● **Information shown**
_ _ _ _ _

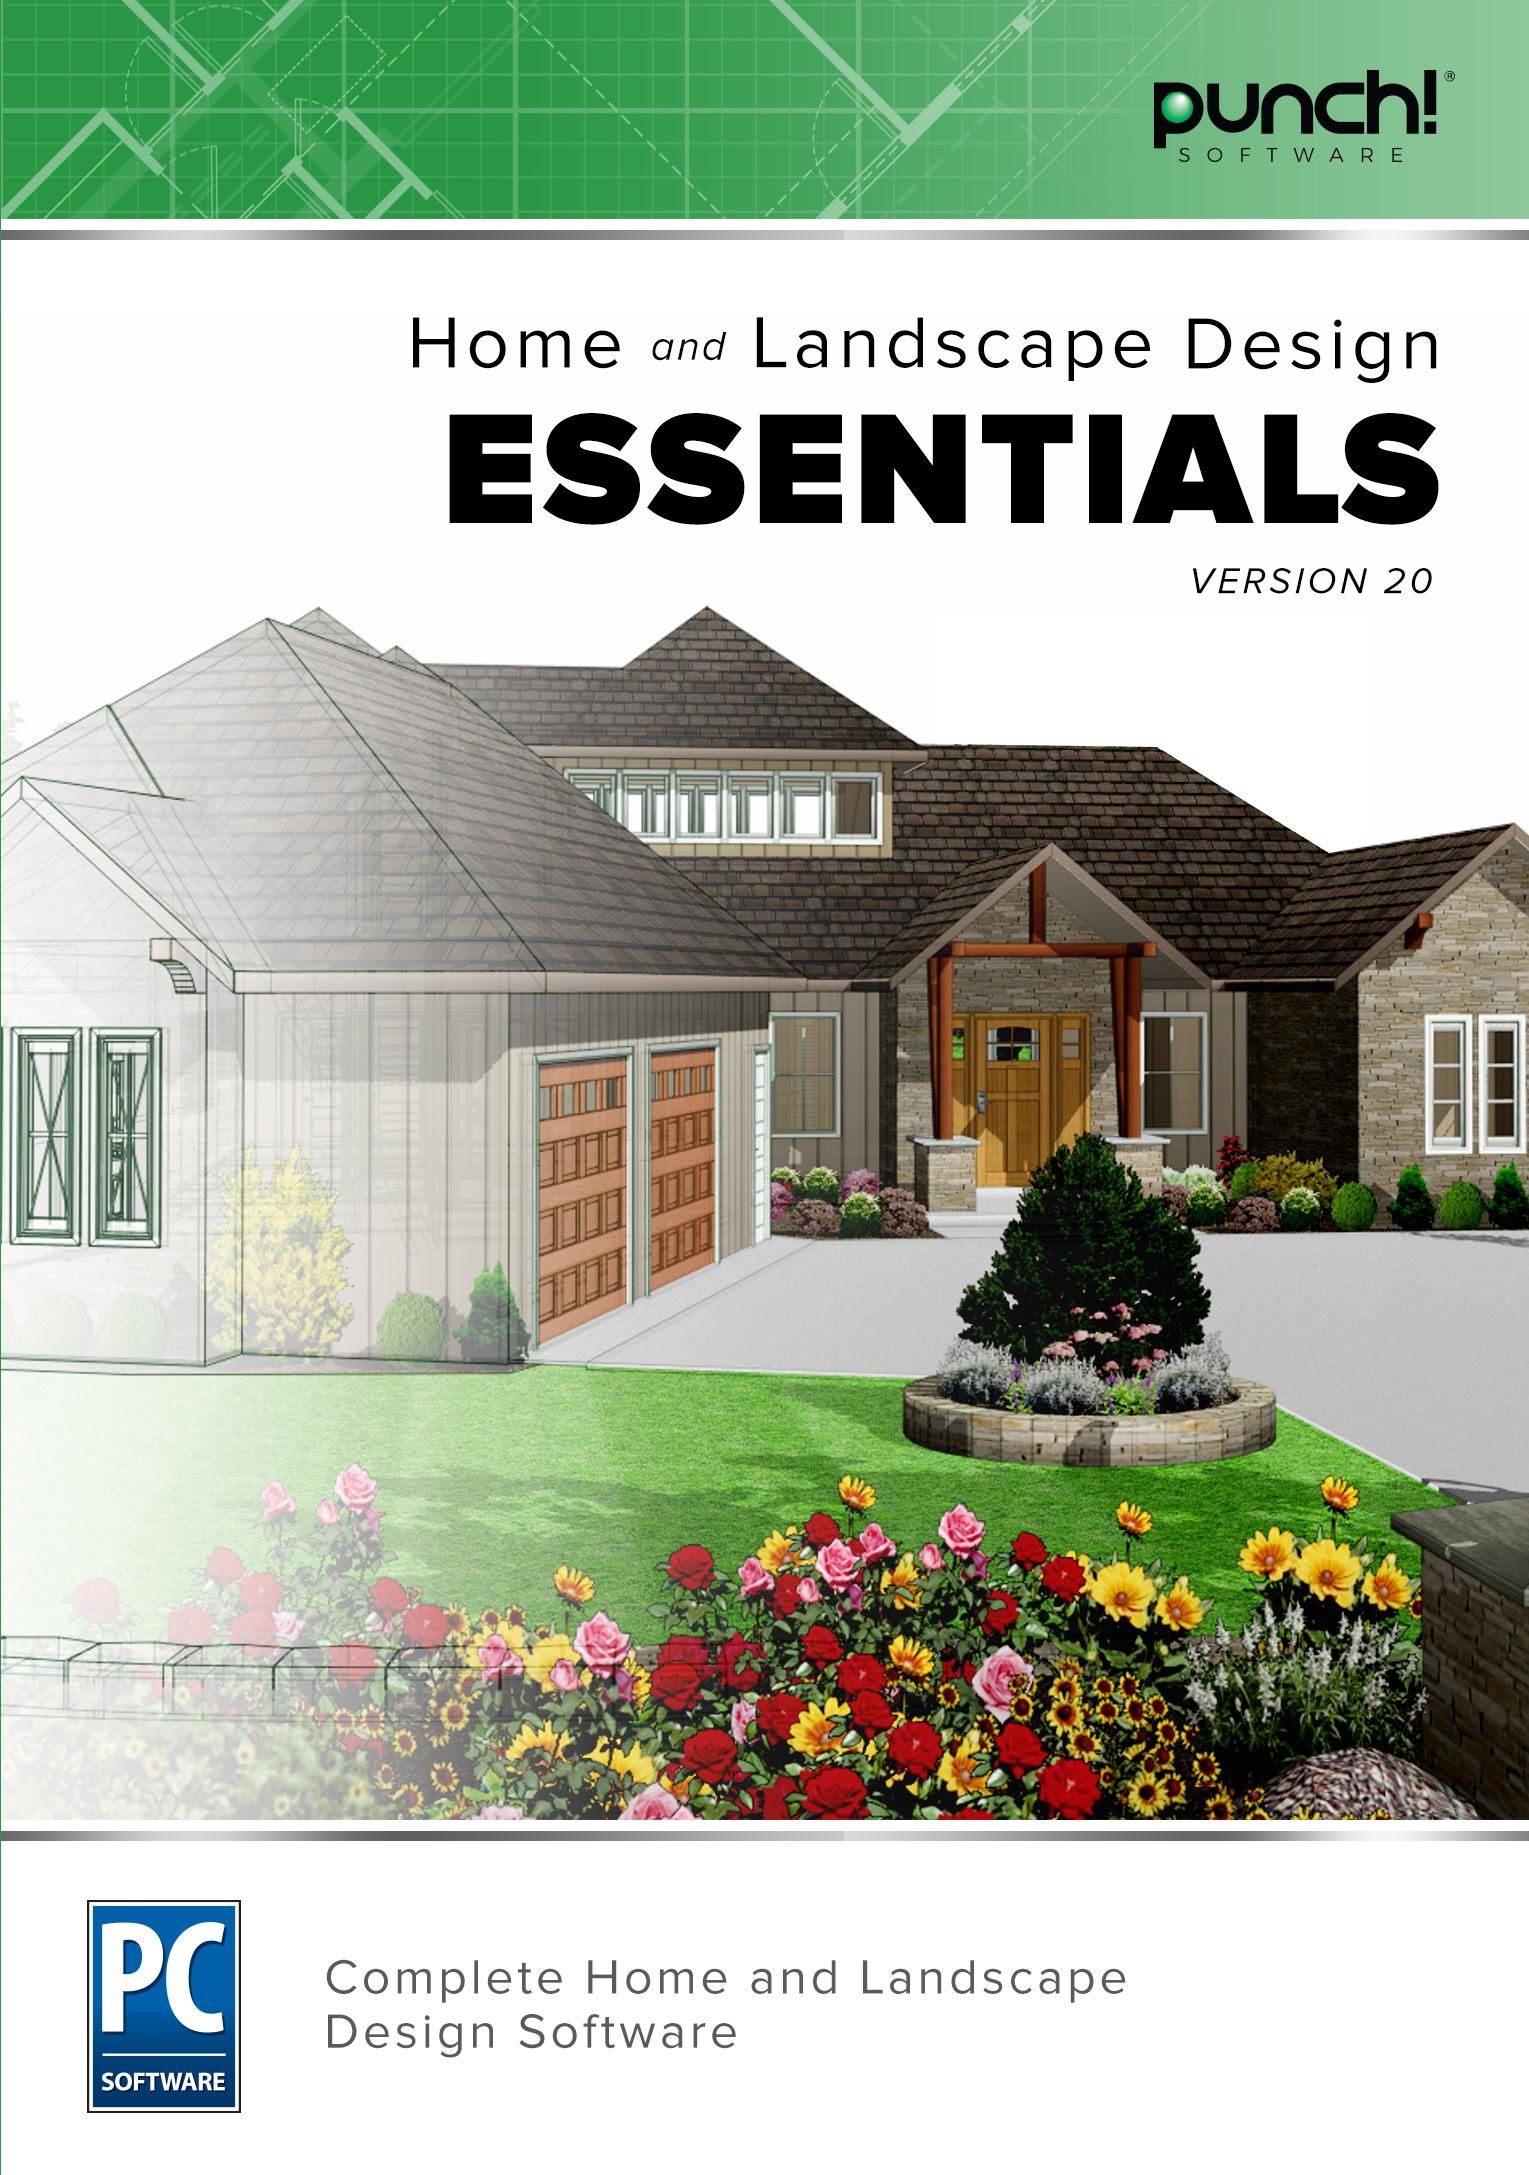 Punch! Home & Landscape Design Essentials V20
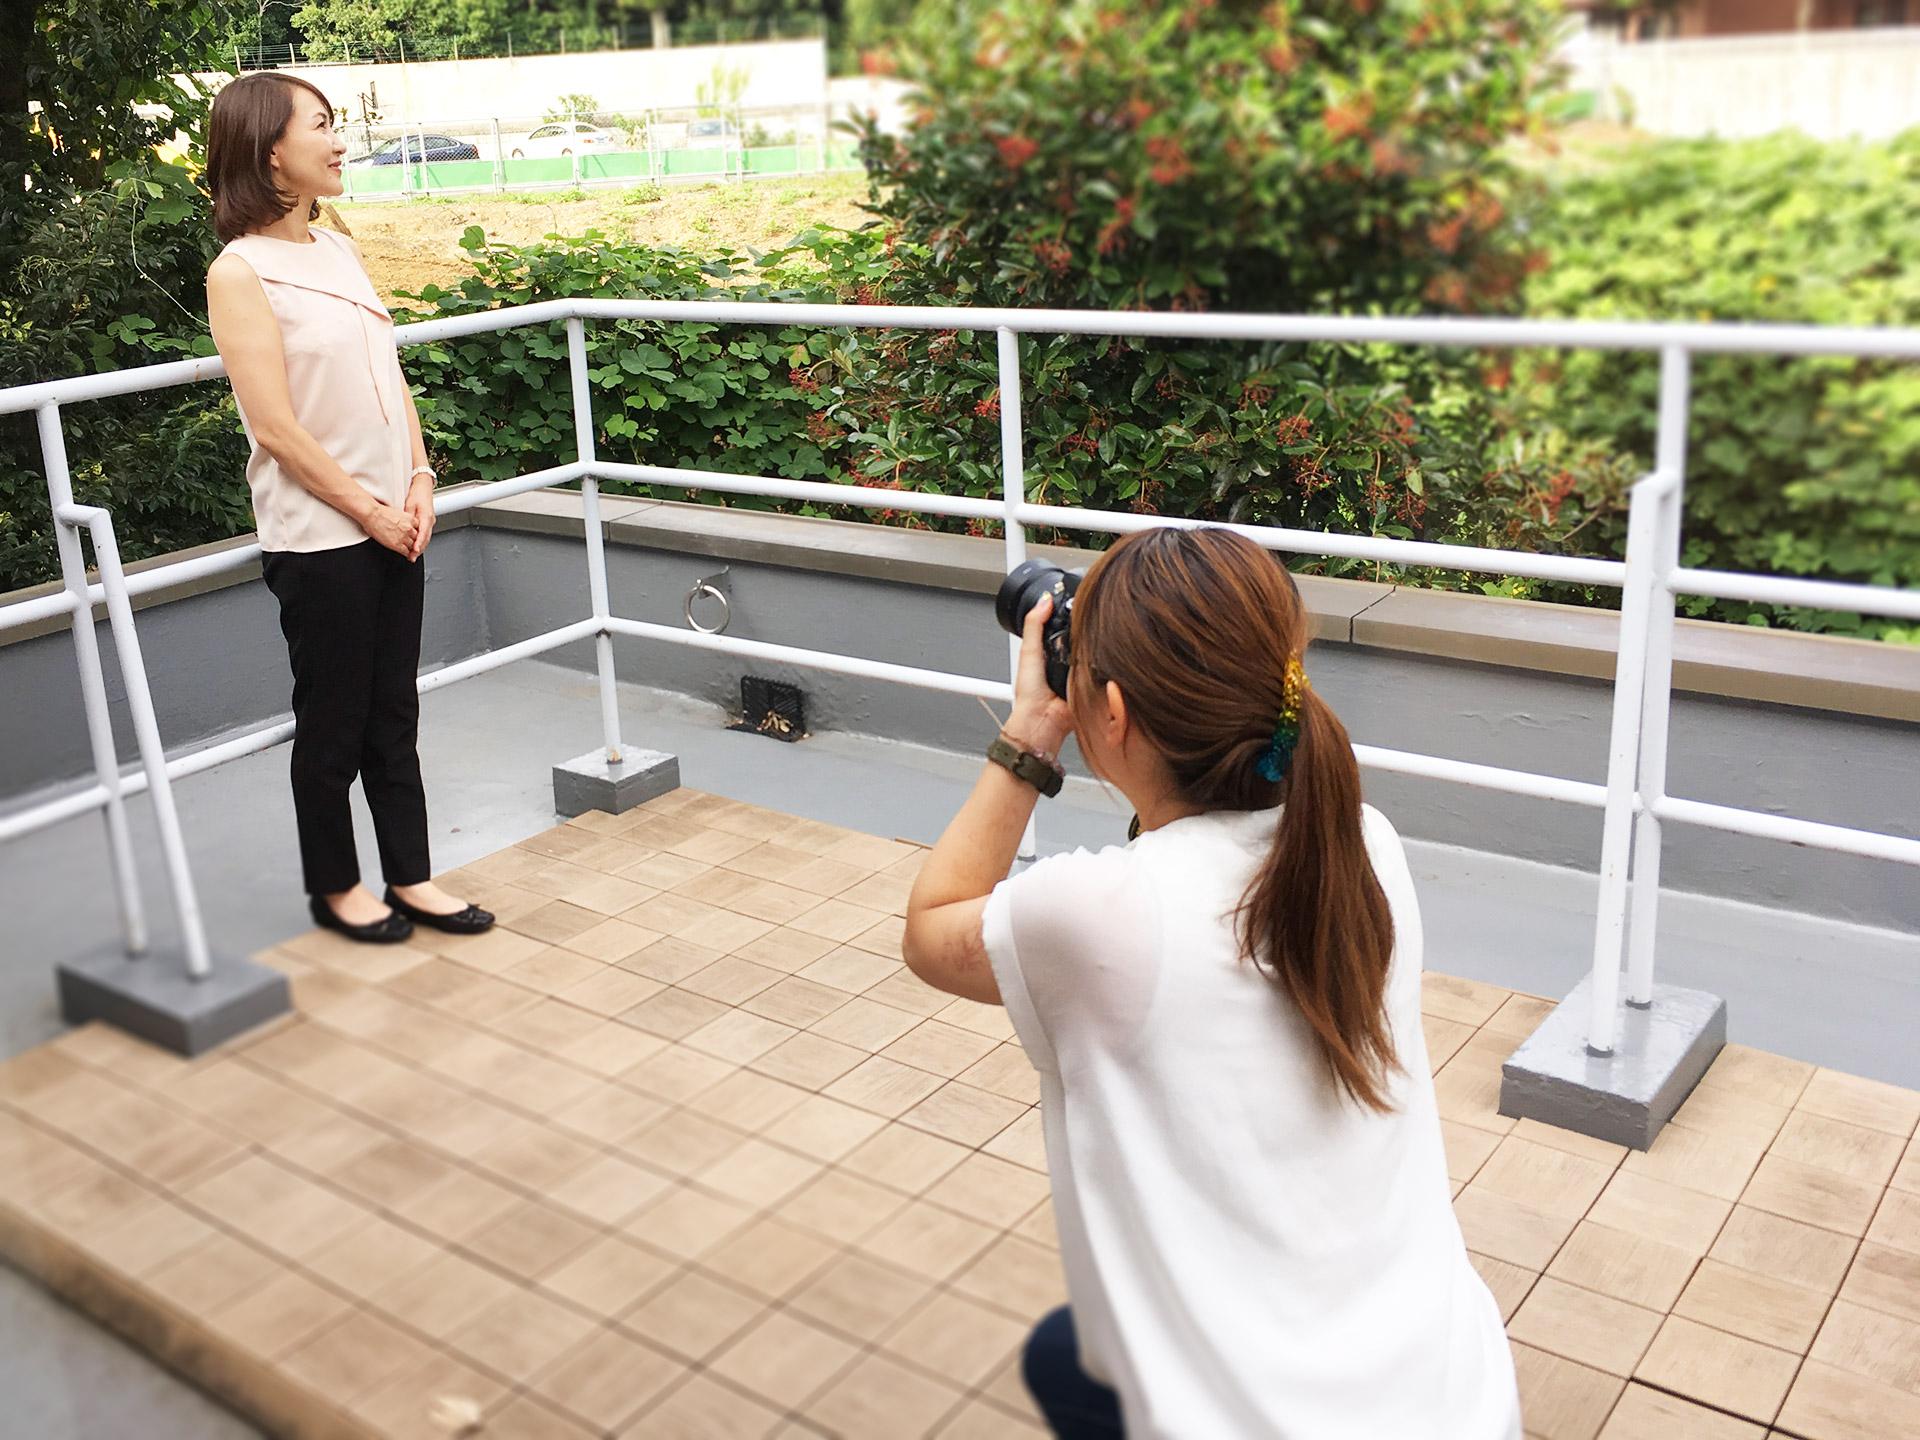 どんな人?あなたの写真が見えることは信頼や安心を与える重要なポイント。グラマラスエイチ麻布広尾はそんなお手伝いができる写真撮影のサービスもご用意しております!
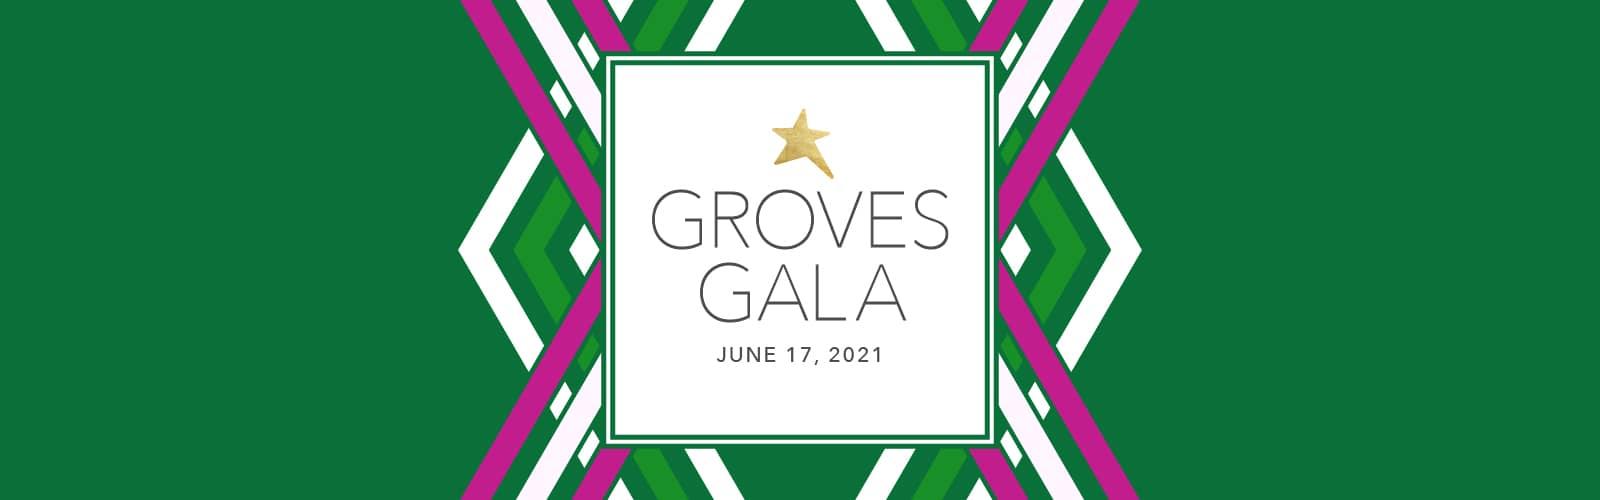 44th Annual Groves Gala
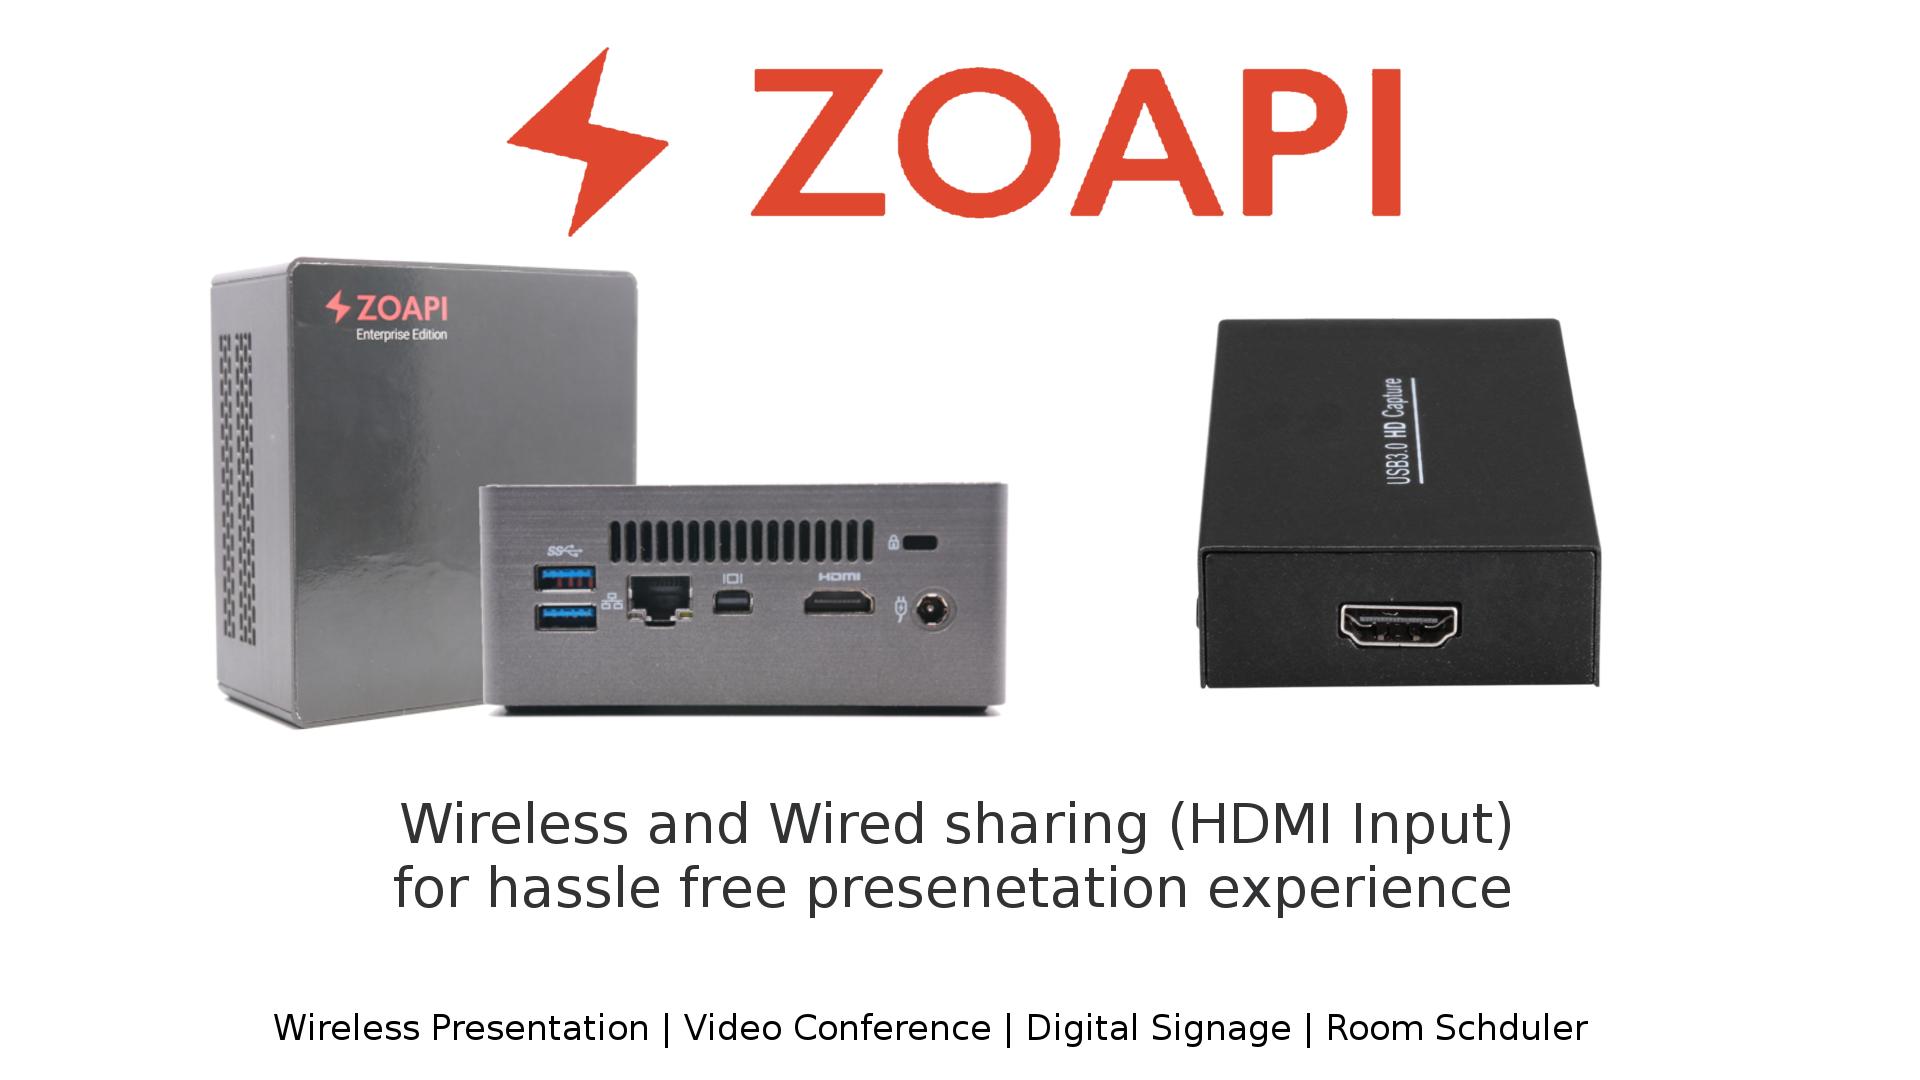 HDMI Input with Zoapi

_ _ _ _ _

● **What the task requires**
Leave the images aside and retype each line of the listing above exactly.

● **Exercise output**
 Punch! Home & Landscape Design Essentials V20
 どんな人?あなたの写真が見えることは信頼や安心を与える重要なポイント。グラマラスエイチ麻布広尾はそんなお手伝いができる写真撮影のサービスもご用意しております!
 44th Annual Groves Gala
 HDMI Input with Zoapi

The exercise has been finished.